#### [Dataset section]
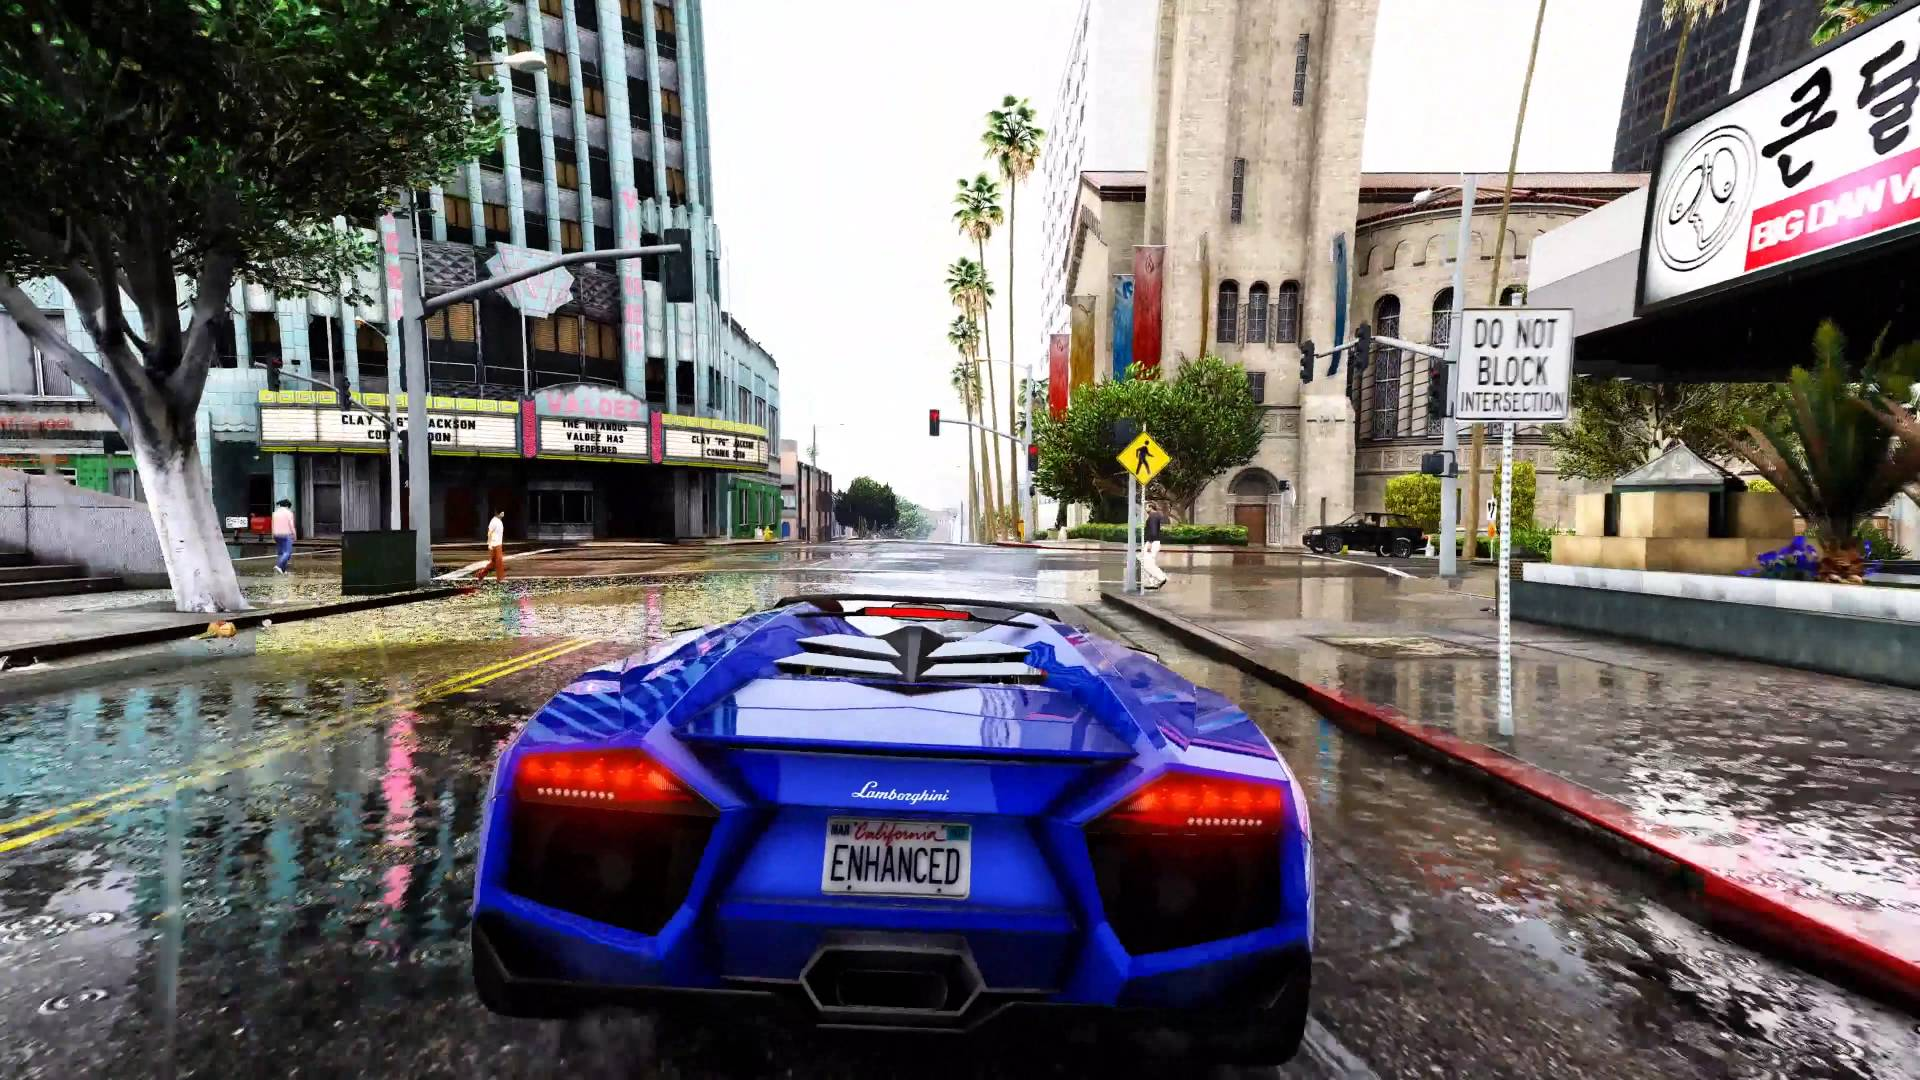 Grand theft auto 5 online release date in Australia
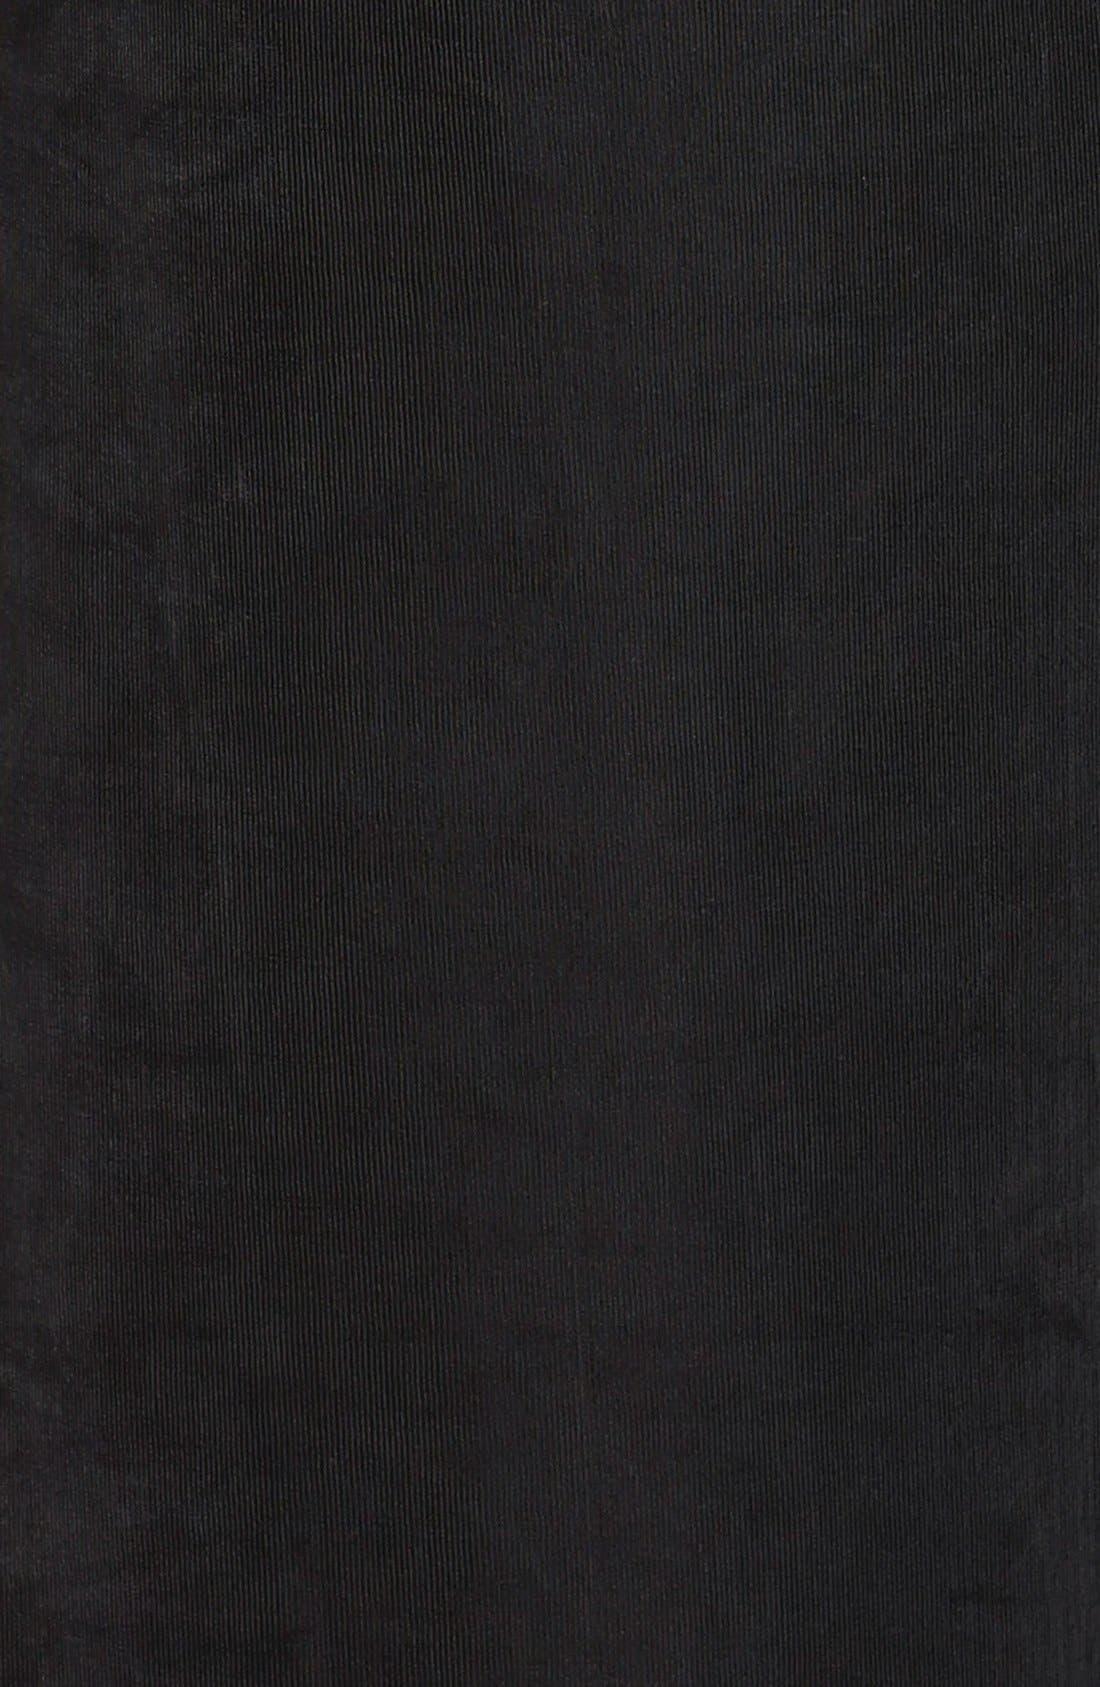 VIKKI VI, High Rise Stretch Knit Crop Pants, Alternate thumbnail 3, color, BLACK
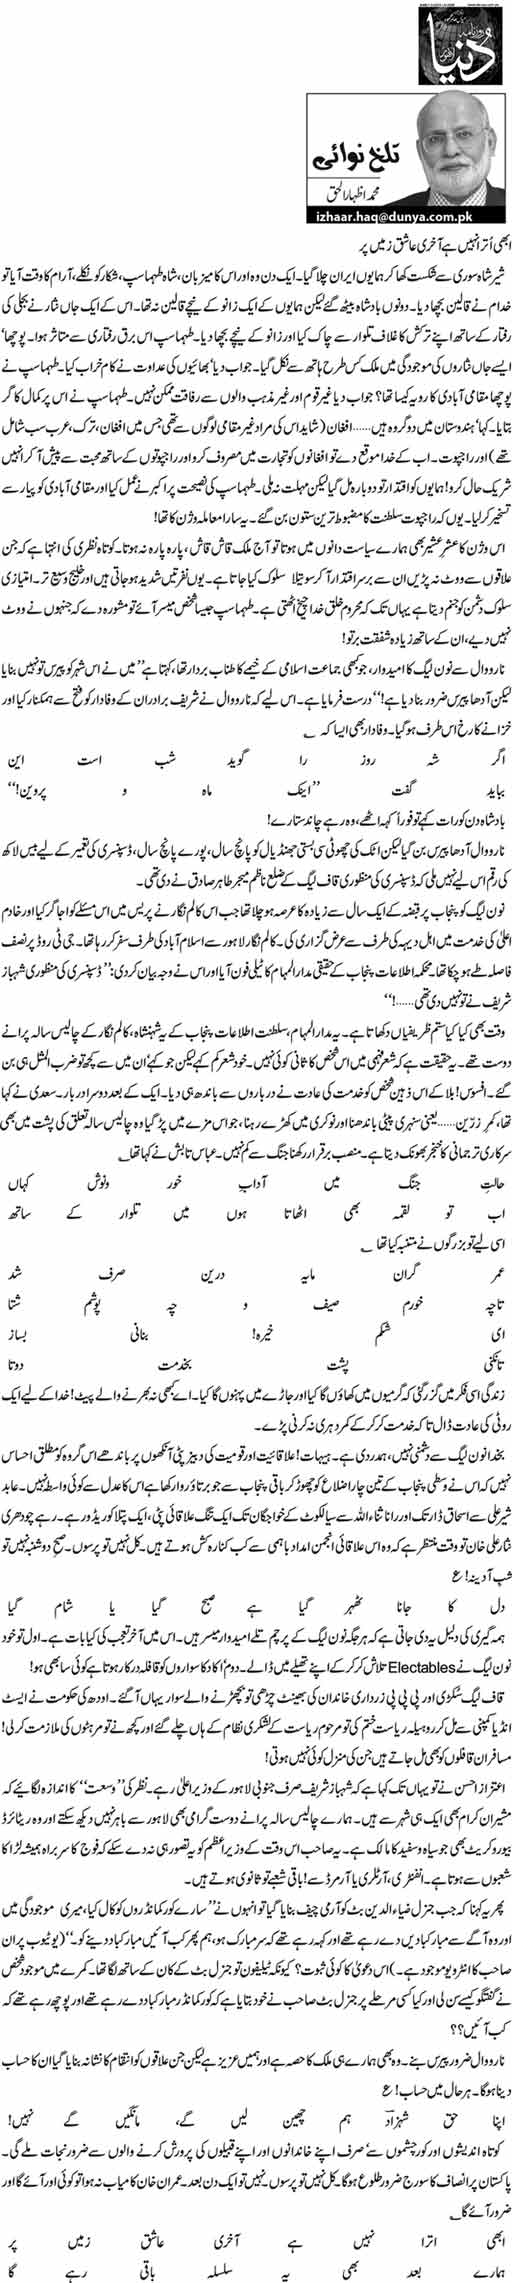 Abbhi Utra Nahi Hai Akhri Ashiq Zameen Par - M. Izhar ul Haq

#### [Exercise details]
Retype the entire listing exactly as it appears, dropping only the pictures.

#### [Completed exercise]
 Grand theft auto 5 online release date in Australia
 VIKKI VI, High Rise Stretch Knit Crop Pants, Alternate thumbnail 3, color, BLACK
 Abbhi Utra Nahi Hai Akhri Ashiq Zameen Par - M. Izhar ul Haq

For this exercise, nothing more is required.